#### Problem statement
How do the lines below between the ones holding "Skolen I Sydhavnen" and "עיצוב לוגו לעורך דין בקרית שמונה", inclusive, read? Give them again exactly, with no other lines.

#### Data section
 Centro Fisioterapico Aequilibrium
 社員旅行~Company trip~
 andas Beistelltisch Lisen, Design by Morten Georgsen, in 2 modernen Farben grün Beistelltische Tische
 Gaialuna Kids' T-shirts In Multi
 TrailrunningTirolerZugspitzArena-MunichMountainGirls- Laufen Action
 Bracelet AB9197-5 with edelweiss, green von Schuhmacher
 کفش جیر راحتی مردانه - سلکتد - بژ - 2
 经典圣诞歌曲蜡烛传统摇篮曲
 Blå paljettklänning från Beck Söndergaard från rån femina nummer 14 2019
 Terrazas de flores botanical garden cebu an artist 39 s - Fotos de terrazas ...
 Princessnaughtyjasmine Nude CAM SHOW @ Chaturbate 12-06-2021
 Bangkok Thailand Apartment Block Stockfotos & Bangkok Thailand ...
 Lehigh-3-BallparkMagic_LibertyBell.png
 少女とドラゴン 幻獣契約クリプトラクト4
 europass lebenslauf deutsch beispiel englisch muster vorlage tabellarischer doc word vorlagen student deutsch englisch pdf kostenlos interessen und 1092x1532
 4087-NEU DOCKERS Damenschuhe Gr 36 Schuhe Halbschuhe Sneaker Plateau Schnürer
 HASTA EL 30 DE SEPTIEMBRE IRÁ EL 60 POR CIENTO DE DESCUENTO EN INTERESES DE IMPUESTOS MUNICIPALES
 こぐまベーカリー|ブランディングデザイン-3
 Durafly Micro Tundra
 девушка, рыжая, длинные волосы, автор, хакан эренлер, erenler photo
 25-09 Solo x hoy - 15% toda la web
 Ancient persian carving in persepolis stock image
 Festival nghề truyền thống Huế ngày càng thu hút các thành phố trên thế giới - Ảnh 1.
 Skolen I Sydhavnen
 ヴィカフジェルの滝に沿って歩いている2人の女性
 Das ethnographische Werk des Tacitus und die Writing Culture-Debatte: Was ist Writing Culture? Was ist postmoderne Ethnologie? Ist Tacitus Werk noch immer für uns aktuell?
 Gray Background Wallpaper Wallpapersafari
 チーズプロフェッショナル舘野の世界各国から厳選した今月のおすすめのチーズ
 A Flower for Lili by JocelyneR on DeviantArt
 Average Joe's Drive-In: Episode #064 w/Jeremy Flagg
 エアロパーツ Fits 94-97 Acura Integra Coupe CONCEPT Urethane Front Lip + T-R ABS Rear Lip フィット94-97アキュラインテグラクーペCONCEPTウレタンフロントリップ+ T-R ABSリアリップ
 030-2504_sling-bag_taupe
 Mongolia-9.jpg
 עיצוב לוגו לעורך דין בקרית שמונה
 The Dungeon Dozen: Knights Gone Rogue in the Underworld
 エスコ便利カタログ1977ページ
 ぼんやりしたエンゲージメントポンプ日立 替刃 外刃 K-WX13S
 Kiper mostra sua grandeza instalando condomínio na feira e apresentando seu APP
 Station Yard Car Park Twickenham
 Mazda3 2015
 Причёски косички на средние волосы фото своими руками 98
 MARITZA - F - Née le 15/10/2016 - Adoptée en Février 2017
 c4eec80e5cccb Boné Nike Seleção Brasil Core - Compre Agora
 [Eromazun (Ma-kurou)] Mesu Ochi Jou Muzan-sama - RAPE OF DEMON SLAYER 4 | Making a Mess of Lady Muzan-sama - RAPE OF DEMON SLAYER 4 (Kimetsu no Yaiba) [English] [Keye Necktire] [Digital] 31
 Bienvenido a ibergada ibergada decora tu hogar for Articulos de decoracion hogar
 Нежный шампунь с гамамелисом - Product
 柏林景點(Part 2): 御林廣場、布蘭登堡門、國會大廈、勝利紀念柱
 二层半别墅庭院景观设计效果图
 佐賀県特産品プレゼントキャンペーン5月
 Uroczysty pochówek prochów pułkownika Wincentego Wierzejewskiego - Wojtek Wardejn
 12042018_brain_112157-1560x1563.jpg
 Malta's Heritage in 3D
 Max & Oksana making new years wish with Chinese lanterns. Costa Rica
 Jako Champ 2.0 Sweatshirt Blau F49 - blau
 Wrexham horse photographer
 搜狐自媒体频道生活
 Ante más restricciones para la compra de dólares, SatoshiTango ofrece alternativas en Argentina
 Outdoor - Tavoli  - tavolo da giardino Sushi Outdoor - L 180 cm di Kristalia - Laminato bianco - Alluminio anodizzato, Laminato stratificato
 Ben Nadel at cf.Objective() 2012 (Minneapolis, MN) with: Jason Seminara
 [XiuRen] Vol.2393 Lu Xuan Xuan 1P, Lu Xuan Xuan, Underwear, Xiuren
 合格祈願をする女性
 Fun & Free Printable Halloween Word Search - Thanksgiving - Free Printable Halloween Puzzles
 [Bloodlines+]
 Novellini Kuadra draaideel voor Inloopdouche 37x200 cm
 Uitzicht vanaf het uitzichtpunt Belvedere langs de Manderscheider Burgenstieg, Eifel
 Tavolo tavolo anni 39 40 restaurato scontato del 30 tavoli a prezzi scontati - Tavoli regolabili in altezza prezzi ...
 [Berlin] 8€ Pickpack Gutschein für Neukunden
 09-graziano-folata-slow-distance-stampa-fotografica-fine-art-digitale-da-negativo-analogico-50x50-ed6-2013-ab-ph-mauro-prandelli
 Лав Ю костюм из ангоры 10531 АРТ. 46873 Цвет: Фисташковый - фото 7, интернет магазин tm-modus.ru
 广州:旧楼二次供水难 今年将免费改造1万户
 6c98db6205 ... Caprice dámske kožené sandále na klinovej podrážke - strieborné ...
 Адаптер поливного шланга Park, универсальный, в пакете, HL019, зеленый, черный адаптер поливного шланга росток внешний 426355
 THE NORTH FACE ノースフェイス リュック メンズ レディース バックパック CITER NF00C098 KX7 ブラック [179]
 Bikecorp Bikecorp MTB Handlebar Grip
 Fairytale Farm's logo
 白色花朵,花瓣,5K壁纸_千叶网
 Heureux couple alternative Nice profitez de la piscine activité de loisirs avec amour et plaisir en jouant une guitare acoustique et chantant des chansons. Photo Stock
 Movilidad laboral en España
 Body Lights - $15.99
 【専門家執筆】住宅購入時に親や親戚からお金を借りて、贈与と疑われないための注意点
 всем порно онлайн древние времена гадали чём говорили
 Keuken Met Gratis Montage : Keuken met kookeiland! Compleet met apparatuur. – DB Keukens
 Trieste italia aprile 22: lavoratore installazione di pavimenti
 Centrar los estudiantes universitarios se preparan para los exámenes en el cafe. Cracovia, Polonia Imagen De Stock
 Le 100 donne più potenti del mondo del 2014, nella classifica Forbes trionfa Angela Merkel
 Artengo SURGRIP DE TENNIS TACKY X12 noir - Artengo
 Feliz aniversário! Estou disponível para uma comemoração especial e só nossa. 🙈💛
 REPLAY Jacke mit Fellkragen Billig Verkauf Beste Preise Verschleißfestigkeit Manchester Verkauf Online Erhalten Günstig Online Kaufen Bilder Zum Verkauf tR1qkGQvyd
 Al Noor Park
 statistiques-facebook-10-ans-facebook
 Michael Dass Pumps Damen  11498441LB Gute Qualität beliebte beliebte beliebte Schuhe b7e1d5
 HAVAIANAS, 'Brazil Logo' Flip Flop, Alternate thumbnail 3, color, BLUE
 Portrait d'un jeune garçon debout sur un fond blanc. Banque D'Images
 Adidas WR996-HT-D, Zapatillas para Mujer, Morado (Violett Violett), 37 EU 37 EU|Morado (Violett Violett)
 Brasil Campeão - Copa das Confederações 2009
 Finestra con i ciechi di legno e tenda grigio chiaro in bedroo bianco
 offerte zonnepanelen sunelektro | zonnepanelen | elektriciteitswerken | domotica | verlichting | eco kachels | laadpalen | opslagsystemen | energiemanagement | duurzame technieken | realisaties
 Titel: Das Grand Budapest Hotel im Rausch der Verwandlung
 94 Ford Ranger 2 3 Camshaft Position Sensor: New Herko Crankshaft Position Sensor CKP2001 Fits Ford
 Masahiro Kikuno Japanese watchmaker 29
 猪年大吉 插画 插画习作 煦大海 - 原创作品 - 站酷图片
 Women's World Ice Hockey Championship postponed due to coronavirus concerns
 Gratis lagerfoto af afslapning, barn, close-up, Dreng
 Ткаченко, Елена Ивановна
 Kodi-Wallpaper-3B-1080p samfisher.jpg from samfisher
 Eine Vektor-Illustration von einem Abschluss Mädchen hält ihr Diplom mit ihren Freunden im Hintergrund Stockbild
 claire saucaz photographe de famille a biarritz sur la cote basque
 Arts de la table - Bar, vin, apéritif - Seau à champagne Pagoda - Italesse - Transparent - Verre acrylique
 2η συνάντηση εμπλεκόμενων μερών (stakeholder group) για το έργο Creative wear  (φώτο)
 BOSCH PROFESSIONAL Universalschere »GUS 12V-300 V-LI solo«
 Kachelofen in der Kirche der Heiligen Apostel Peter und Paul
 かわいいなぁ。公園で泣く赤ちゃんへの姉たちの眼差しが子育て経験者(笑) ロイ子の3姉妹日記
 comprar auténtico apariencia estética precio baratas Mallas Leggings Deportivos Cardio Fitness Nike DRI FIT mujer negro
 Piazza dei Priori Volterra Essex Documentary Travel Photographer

#### Your solution
 Skolen I Sydhavnen
 ヴィカフジェルの滝に沿って歩いている2人の女性
 Das ethnographische Werk des Tacitus und die Writing Culture-Debatte: Was ist Writing Culture? Was ist postmoderne Ethnologie? Ist Tacitus Werk noch immer für uns aktuell?
 Gray Background Wallpaper Wallpapersafari
 チーズプロフェッショナル舘野の世界各国から厳選した今月のおすすめのチーズ
 A Flower for Lili by JocelyneR on DeviantArt
 Average Joe's Drive-In: Episode #064 w/Jeremy Flagg
 エアロパーツ Fits 94-97 Acura Integra Coupe CONCEPT Urethane Front Lip + T-R ABS Rear Lip フィット94-97アキュラインテグラクーペCONCEPTウレタンフロントリップ+ T-R ABSリアリップ
 030-2504_sling-bag_taupe
 Mongolia-9.jpg
 עיצוב לוגו לעורך דין בקרית שמונה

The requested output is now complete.